> [EXERCISE] From the entries below, reproduce exactly the lines from the one with "Abus 74/40HB75 KA" through the one with "x 1500mm, 2018", both included, without images.

> [DATA UNDER STUDY]

[Start of Attachment]

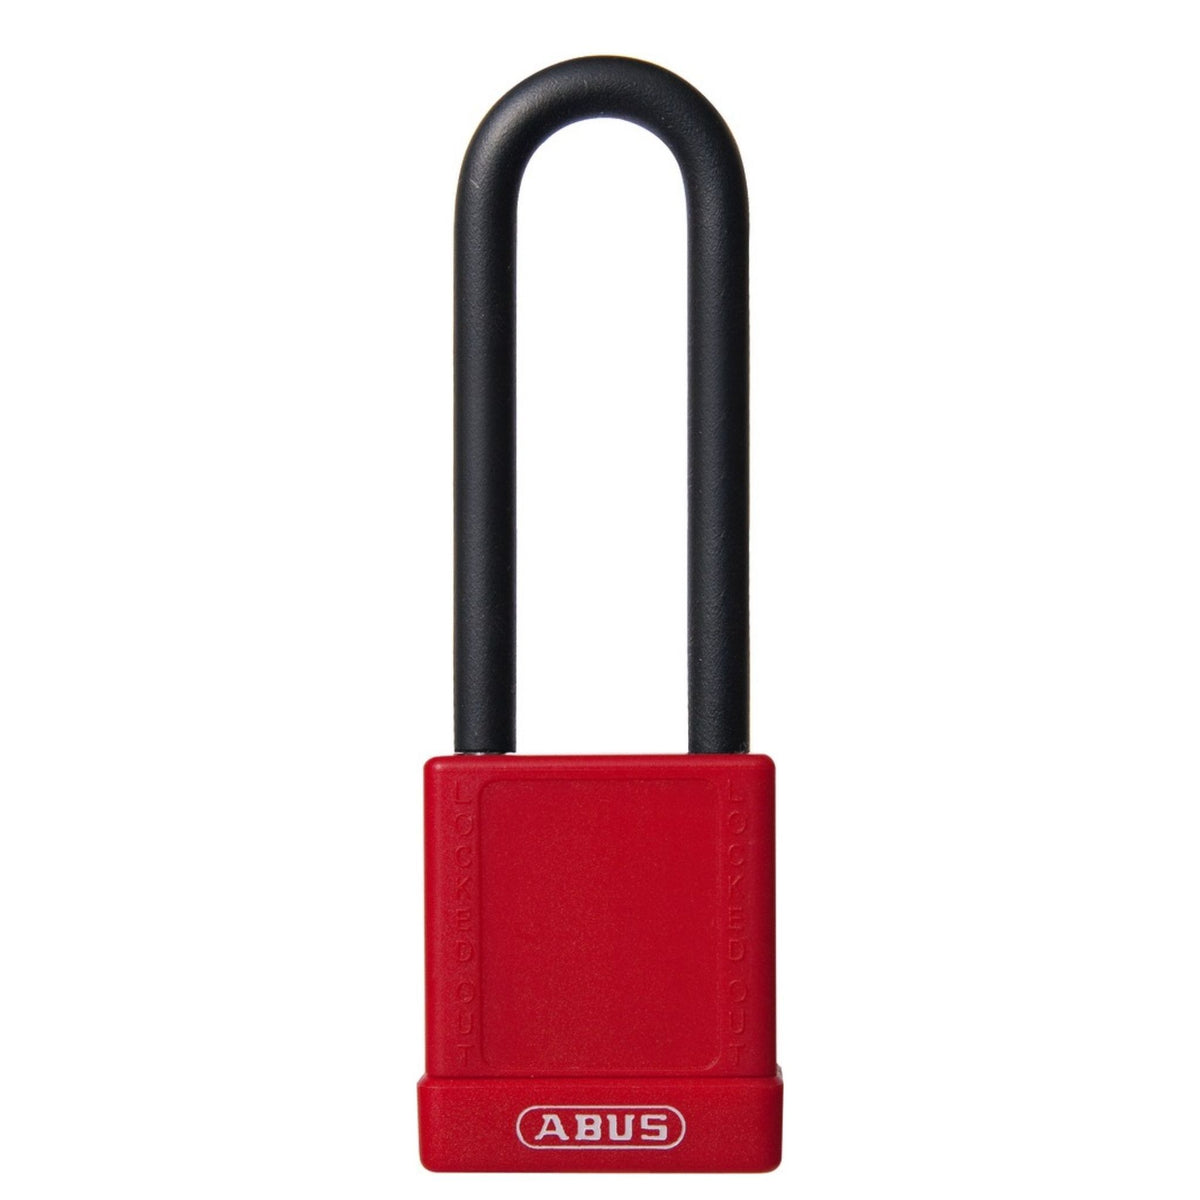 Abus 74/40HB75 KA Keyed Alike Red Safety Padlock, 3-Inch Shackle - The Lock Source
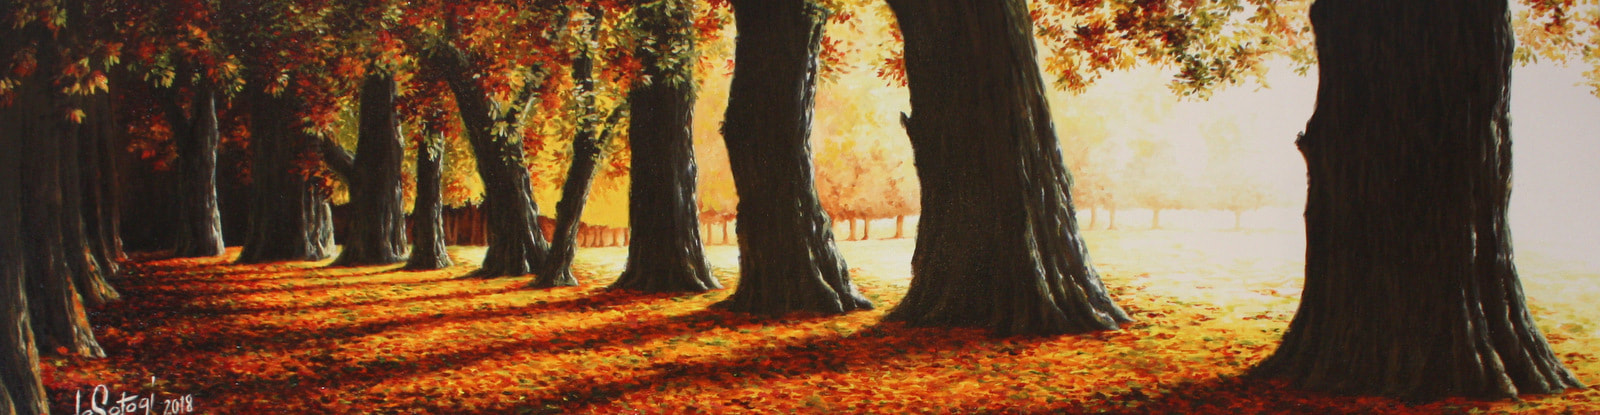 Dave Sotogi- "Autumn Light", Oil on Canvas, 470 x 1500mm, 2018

[End of Attachment]
[Start of Attachment]

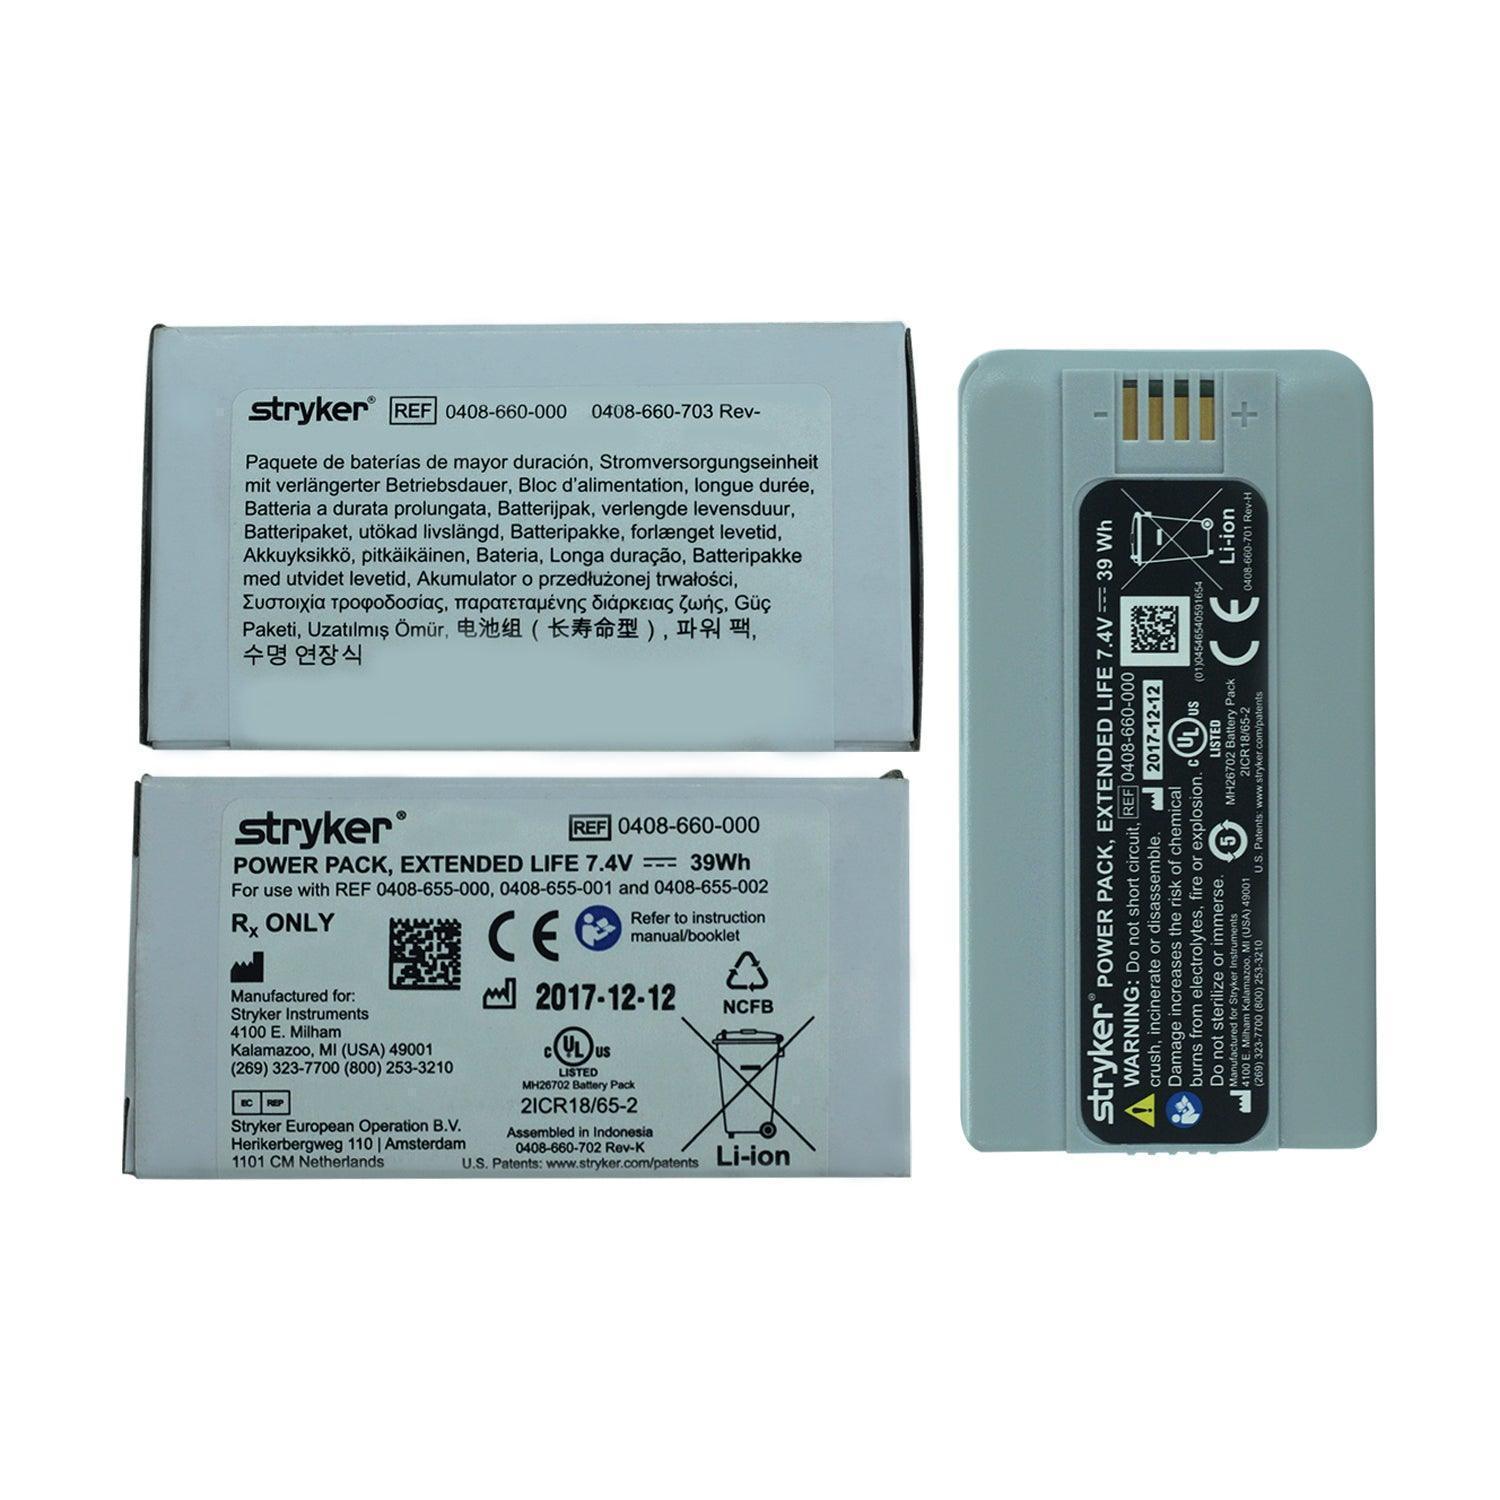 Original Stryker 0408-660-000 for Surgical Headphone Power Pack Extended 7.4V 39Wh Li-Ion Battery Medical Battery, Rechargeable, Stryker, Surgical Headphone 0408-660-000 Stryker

[End of Attachment]

> [PROBLEM SOLUTION]
 Abus 74/40HB75 KA Keyed Alike Red Safety Padlock, 3-Inch Shackle - The Lock Source
 Dave Sotogi- "Autumn Light", Oil on Canvas, 470 x 1500mm, 2018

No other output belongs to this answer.